BEGIN DATA SHOWN

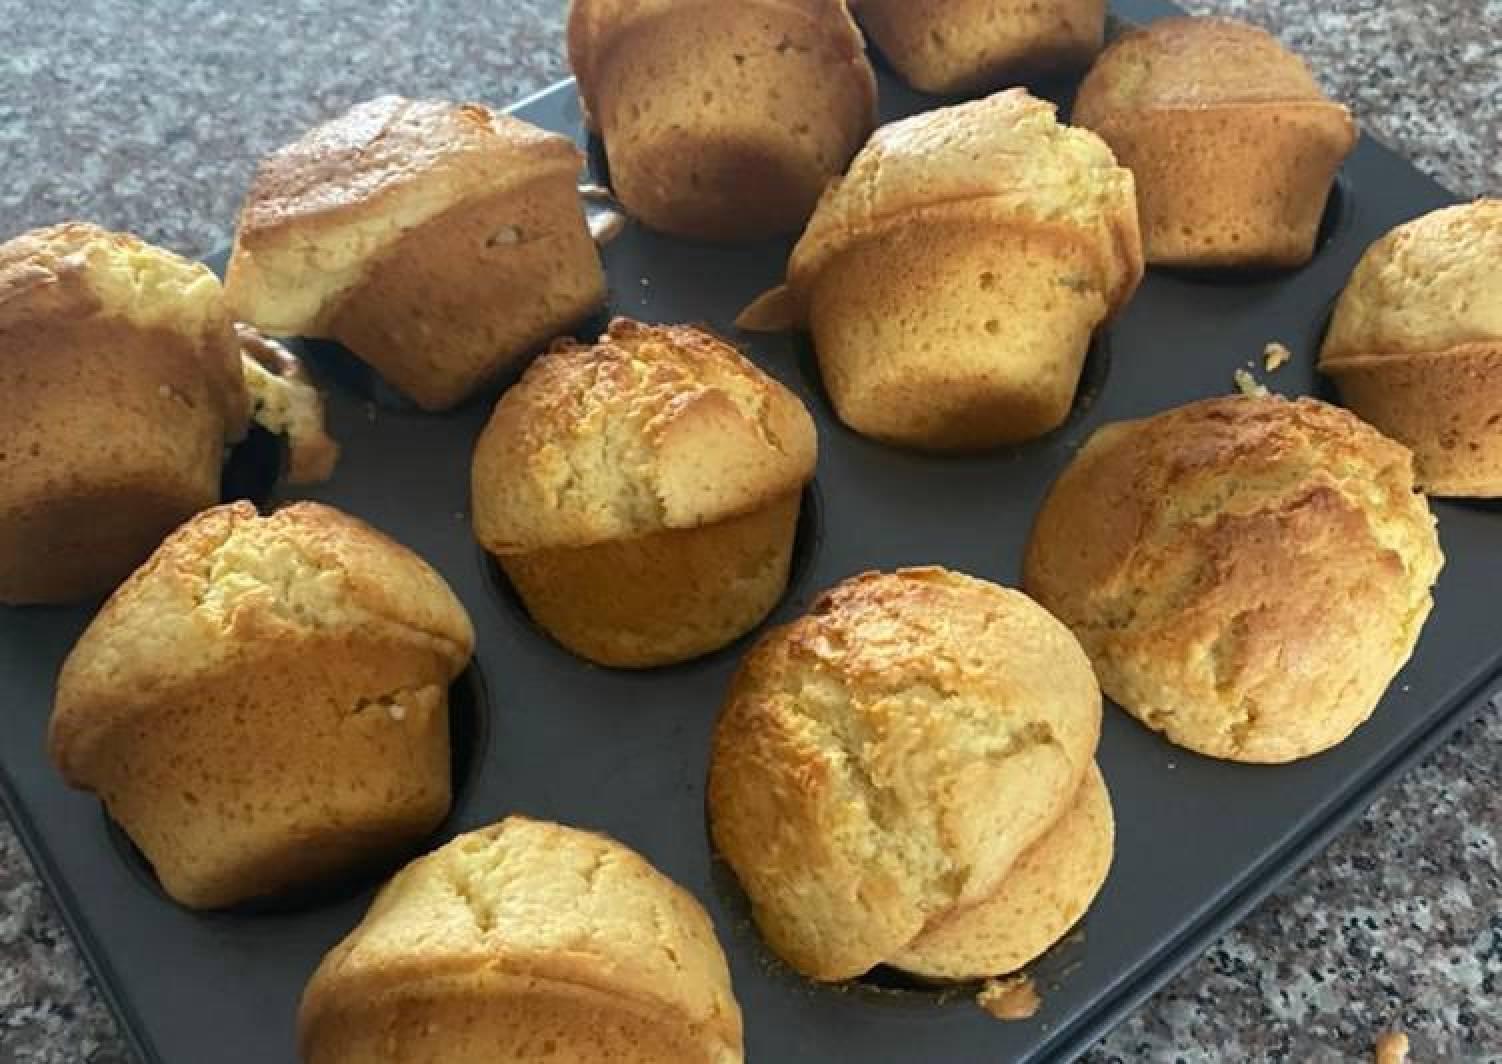 Sponge vanilla muffins
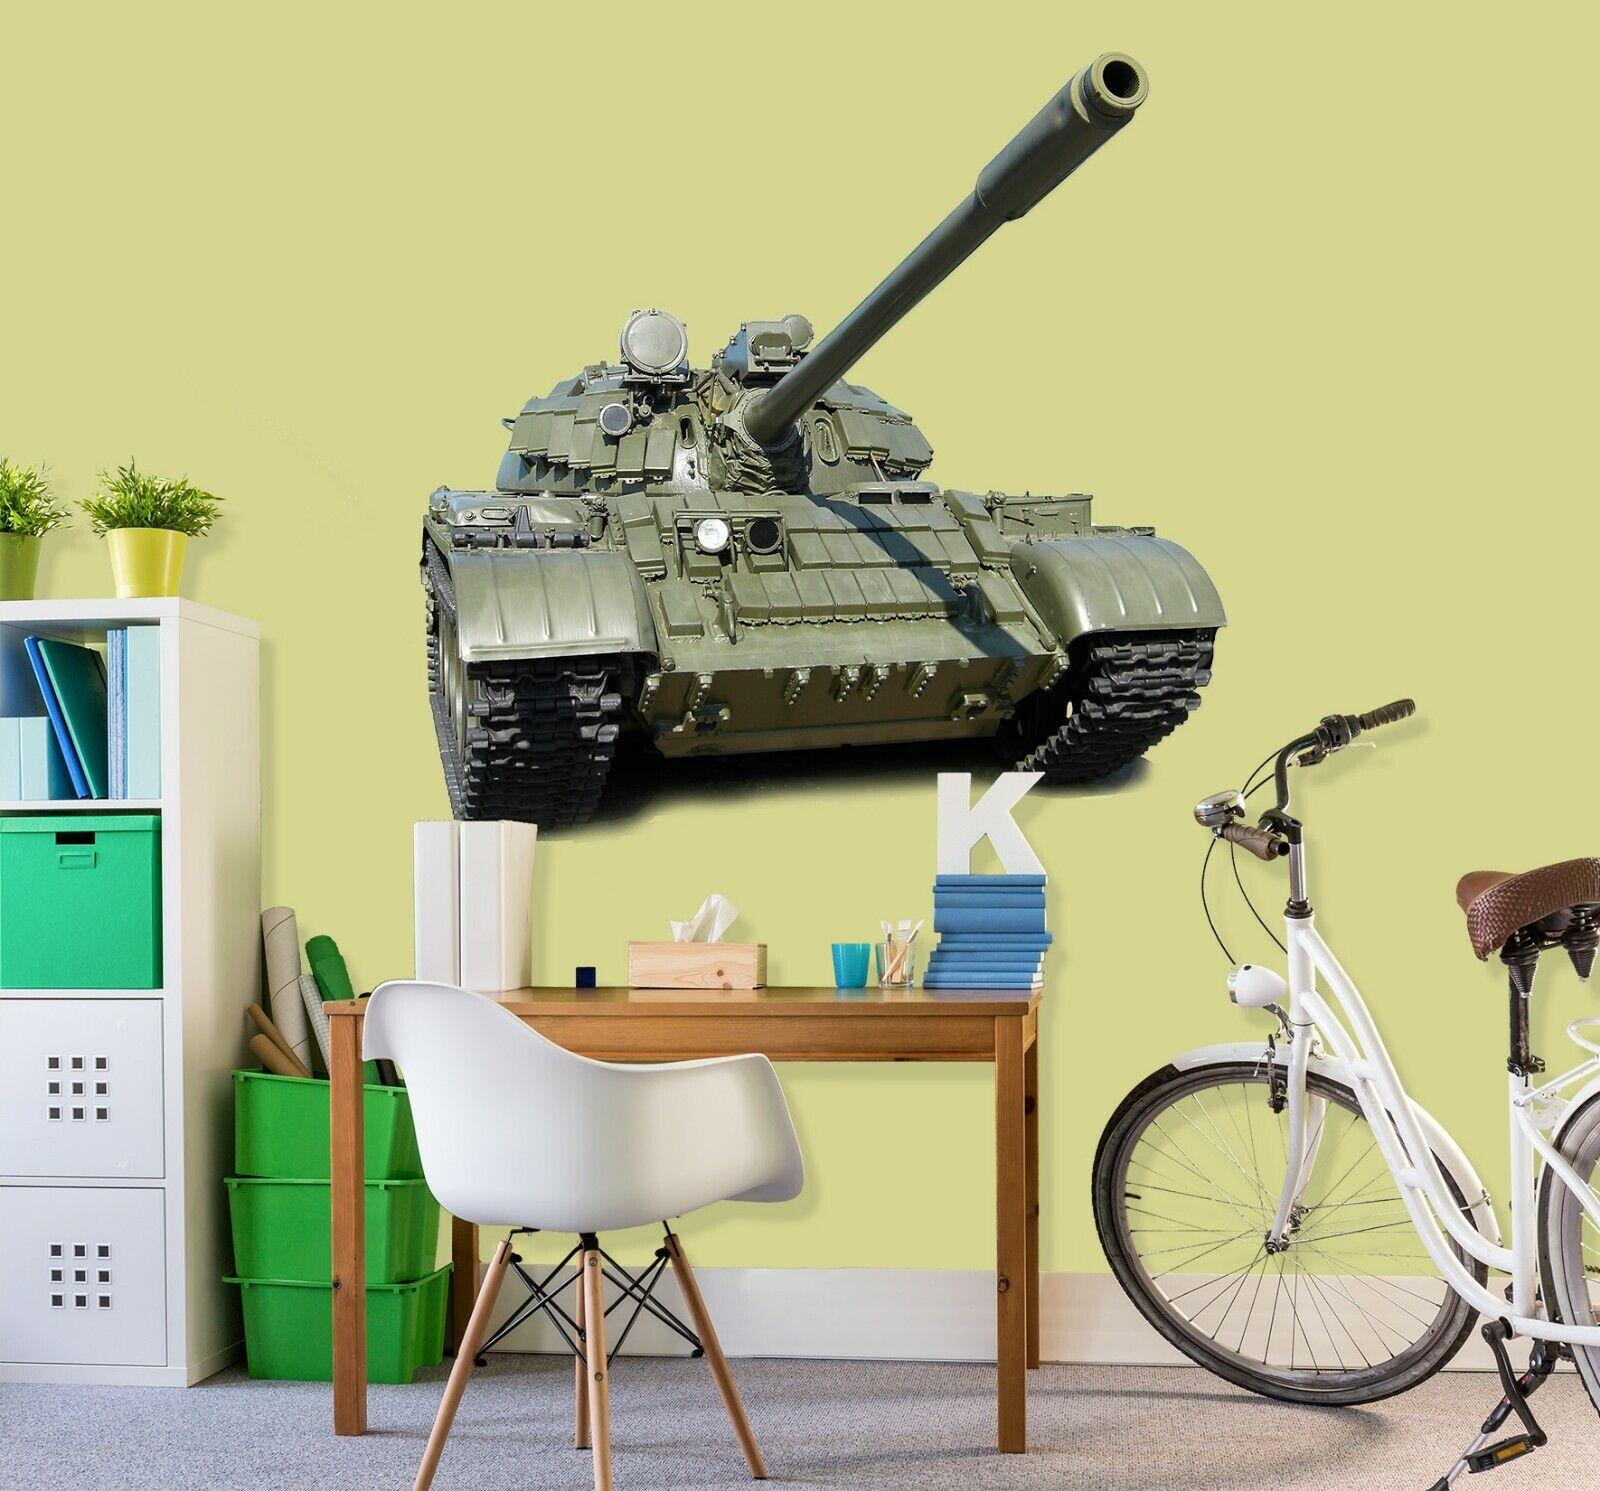 3D Tank Handsome G02 Car Wallpaper Mural Poster Transport Wall Stickers Wendy
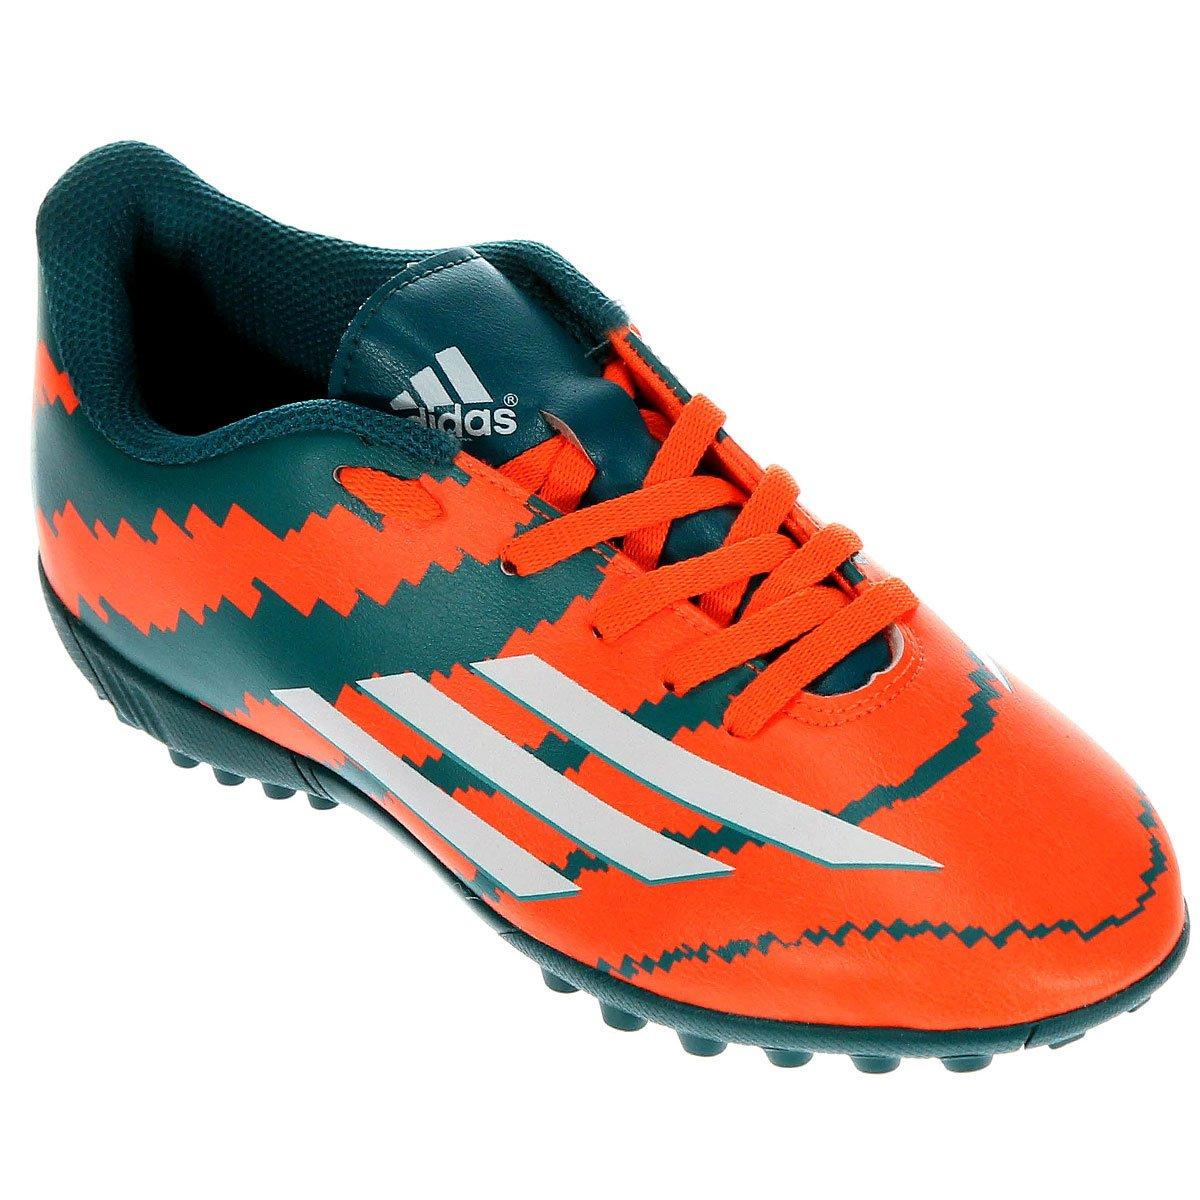 a0bb6f97f8 Chuteira Adidas F5 TF Society Messi Infantil - Compre Agora

END DATA SHOWN

EXERCISE PROMPT: Once the images are set aside, retype all of the material above exactly.

ANSWER:
 Sponge vanilla muffins
 3D Tank Handsome G02 Car Wallpaper Mural Poster Transport Wall Stickers Wendy
 a0bb6f97f8 Chuteira Adidas F5 TF Society Messi Infantil - Compre Agora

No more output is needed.